Metadata records following the standard for metadata on geographic information ISO19139/119
Indicators in INSPIRE monitoring reporting format

Harvesting records

Harvester configuration

An harvester engine provides the capability to harvest metadata records from discovery service (CSW end-point). The list of nodes to harvest is configured in harvester/csw-harvester/src/main/resources/WEB-INF/harvester/config-harvester.xml.

The configuration parameters are:

territory: A representative geographic area for the node
folder: The folder name where harvested records are stored
name: The name of the node
url: The server URL to request (should provide GetCapabilities and GetRecords operations)
filter: (Optional) A OGC filter to restrict the search to a subset of the catalog

Example:

<harvester>
  <territory>de</territory>
  <folder>de</folder>
  <name>GeoDatenKatalog.De</name>
  <url>http://ims.geoportal.de/inspire/srv/eng/csw</url>
  <filter>
    <ogc:Filter xmlns:ogc="http://www.opengis.net/ogc">
      <ogc:PropertyIsLike escapeChar="\" singleChar="?" wildCard="*">
        <ogc:PropertyName>AnyText</ogc:PropertyName>
        <ogc:Literal>inspireidentifiziert</ogc:Literal>
      </ogc:PropertyIsLike>
    </ogc:Filter>
  </filter>
</harvester>

Running harvester

Harvesting records from a CSW end-point:

cd harvesters/csw-harvester
mvn camel:run

Harvester details

Apache Camel integration framework based on Enterprise Integration Patterns is used to easily create configurable harvesters by defining routing and mediation rules.

The CSW harvester strategy is the following:

GetRecords to retrieve the number of metadata to be harvested
Compute paging information
GetRecords for each pages and index the results in Solr.

While harvesting the GetRecords query and response are saved on disk. A log file return detailed information about the current process.

Harvesting is multithreaded on endpoint basis. By default, configuration is 11 threads across harvesters which means no multithreaded requests on the same server but 11 nodes could be harvested in parallel.

Indexing ISO19139 records

Metadata records and indicators could be manually loaded using Solr API by importing XML files.
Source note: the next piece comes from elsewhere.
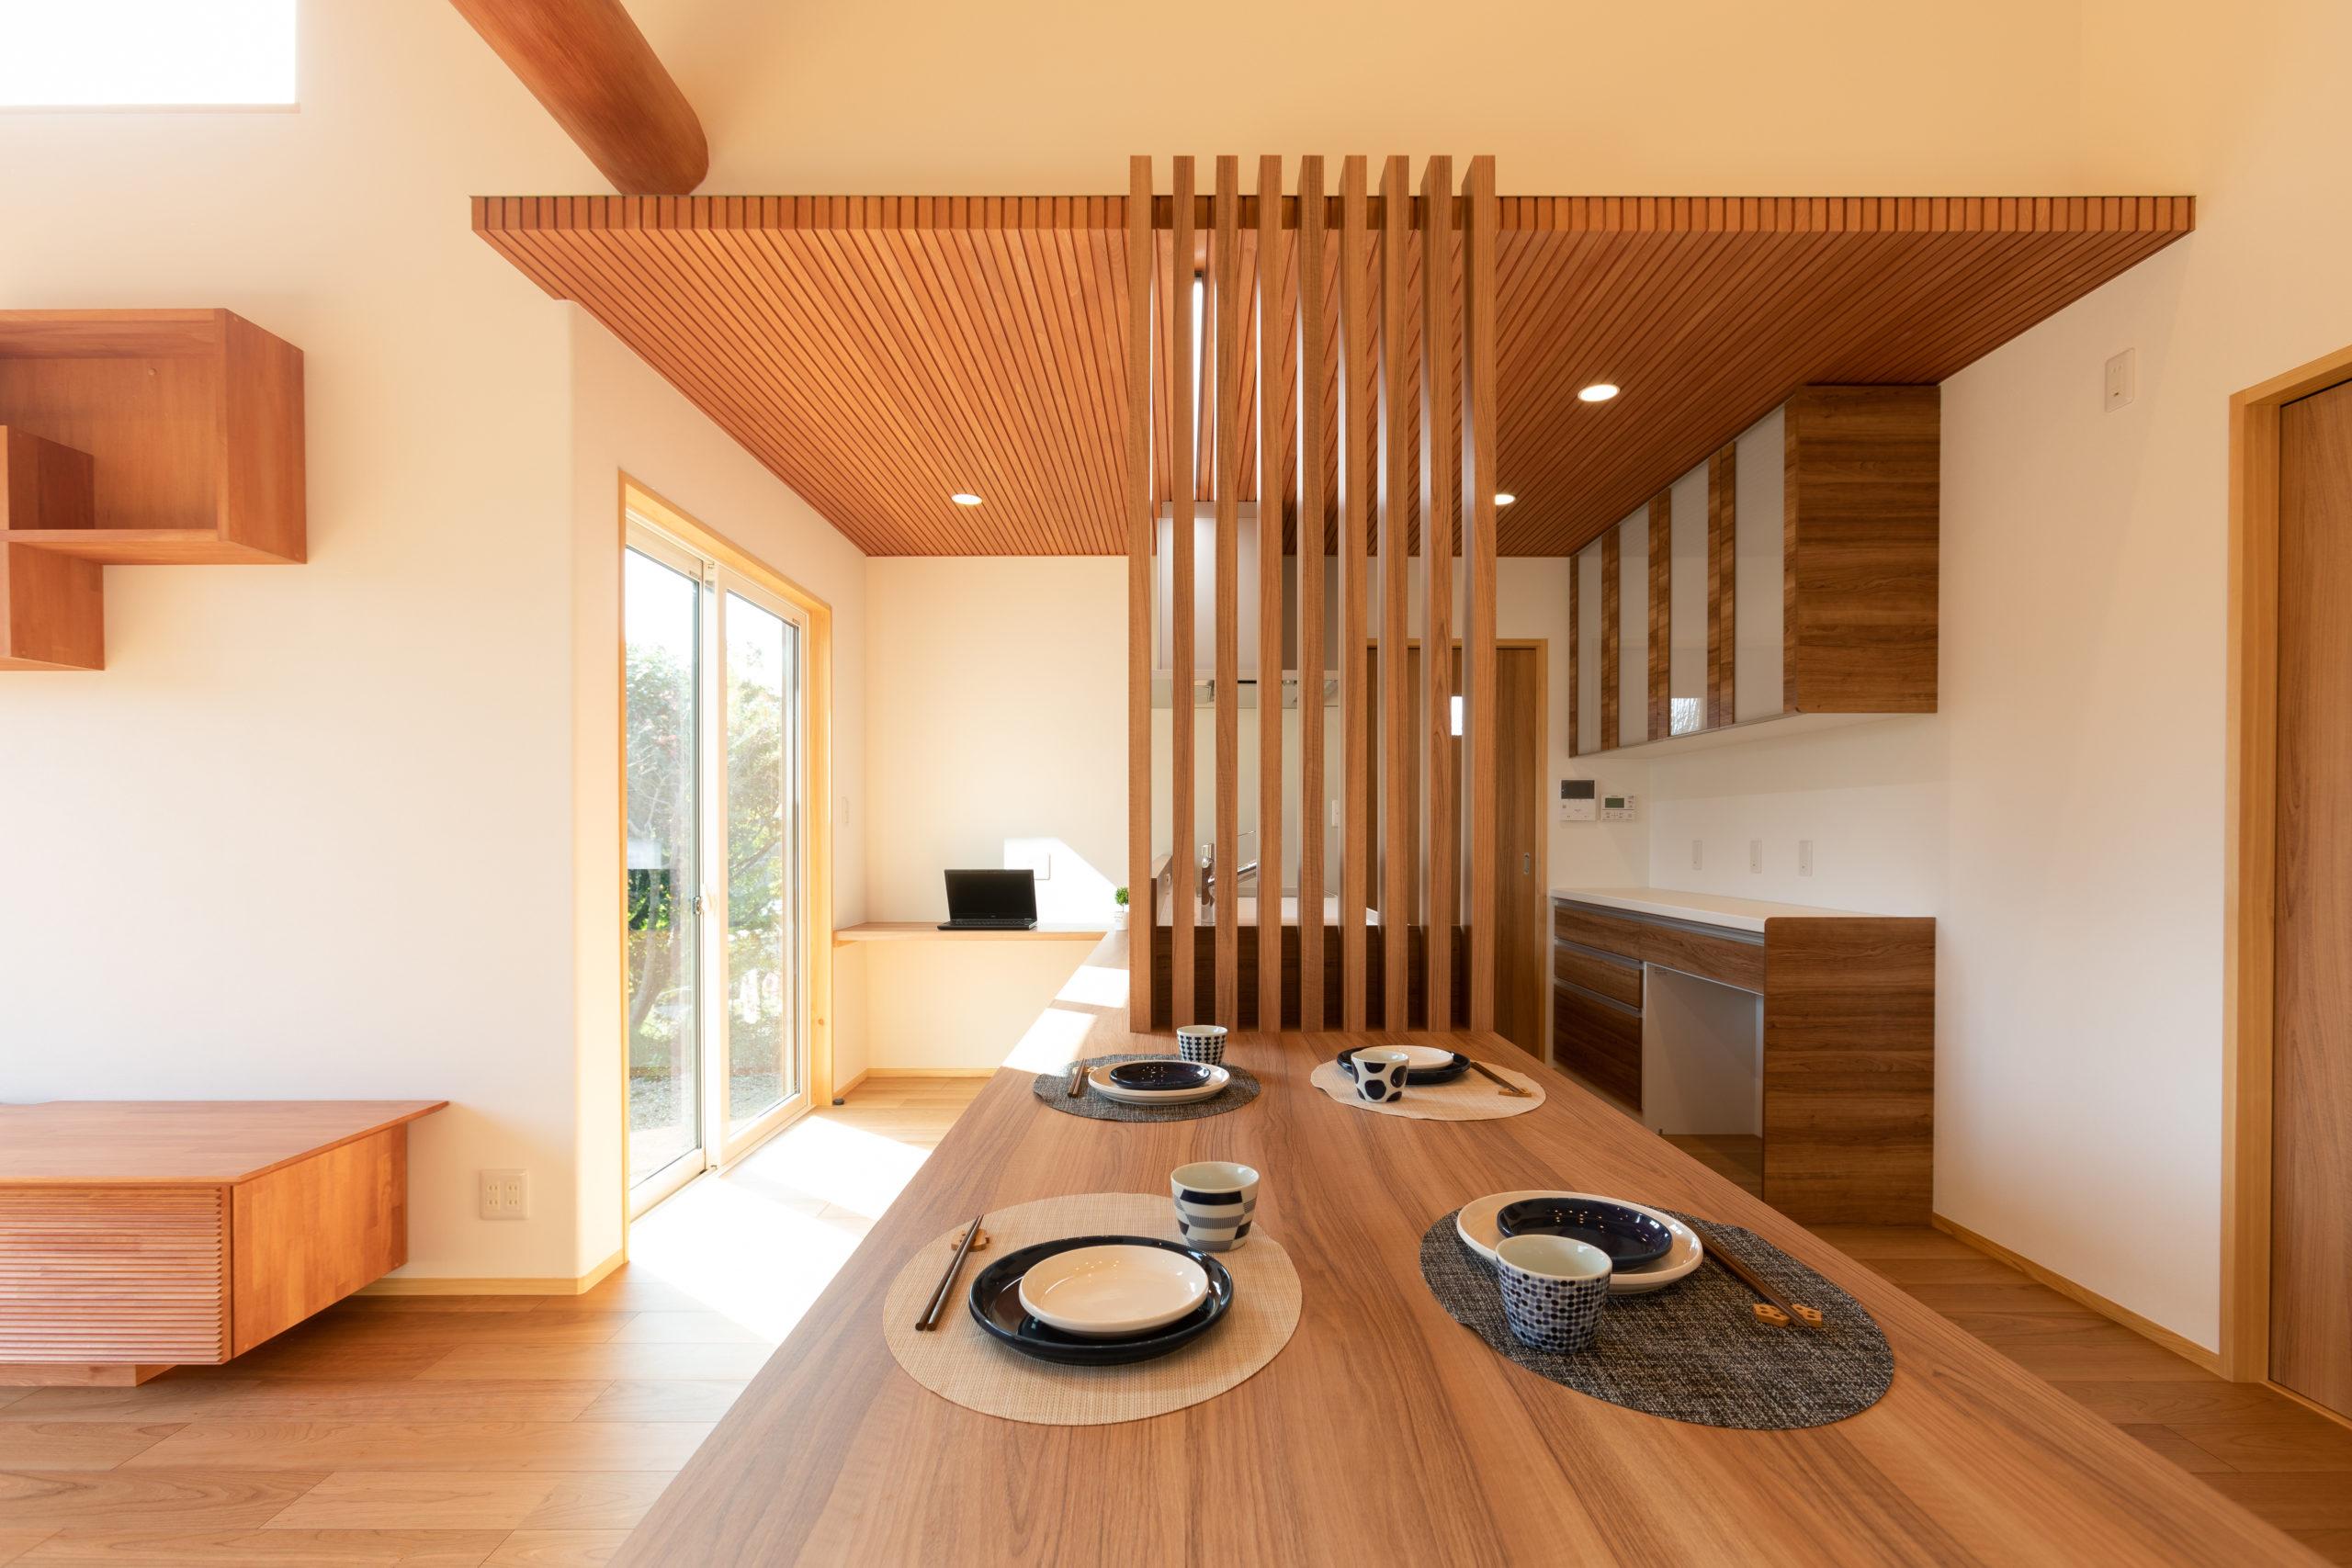 キッチンと横並びの造作ダイニングテーブルは、来客時には移動させて広々と使うことができます。横並びキッチンでも、格子でさりげなく空間に境界を。

First you need to apply the following XSL transformation to convert ISO metadata to Solr XML transaction document.

After the transformation, you can then load the output documents using:

# Load files in all subfolders
find . -name *.xml -type f |
while read f
do
  echo "importing '$f' file..";
  curl "http://localhost:8983/data/update?commit=true" \
    -u admin:admin \
    -H "Content-Type: text/xml; charset=utf-8" \
    --data-binary @$f
done

Indexing INSPIRE indicators

Manually indexing INSPIRE monitoring:

for f in *.xml; do
  echo "importing '$f' file..";
  curl "http://localhost:8983/data/update?commit=true&tr=inspire-monitoring-reporting.xsl" -u admin:admin -H "Content-Type: text/xml; charset=utf-8" --data-binary @$f
done

To import monitoring with ancillary information:

for f in *.xml; do
  echo "importing '$f' file..";
  curl "http://localhost:8983/data/update?commit=true&tr=inspire-monitoring-reporting-with-ai.xsl" -u admin:admin -H "Content-Type: text/xml; charset=utf-8" --data-binary @$f
done

Removing documents

Manually dropped all records:

curl http://localhost:8983/data/update \
    --data '<delete><query>documentType:*</query></delete>' \
    -u admin:admin \
    -H 'Content-type:text/xml; charset=utf-8'

curl http://localhost:8983/data/update \
    --data '<commit/>' \
    -u admin:admin \
    -H 'Content-type:text/xml; charset=utf-8'

The search query could be adapted to restrict to a subset of documents:

reportingYear:2014 for removing reporting for 2014

Analysis tasks

A set of background tasks could be triggered on the content of the index and improve or add information to the index.

Validation task

Process

A two steps validation task is defined:

XML Schema validation
INSPIRE validator (http://inspire-geoportal.ec.europa.eu/validator2/#)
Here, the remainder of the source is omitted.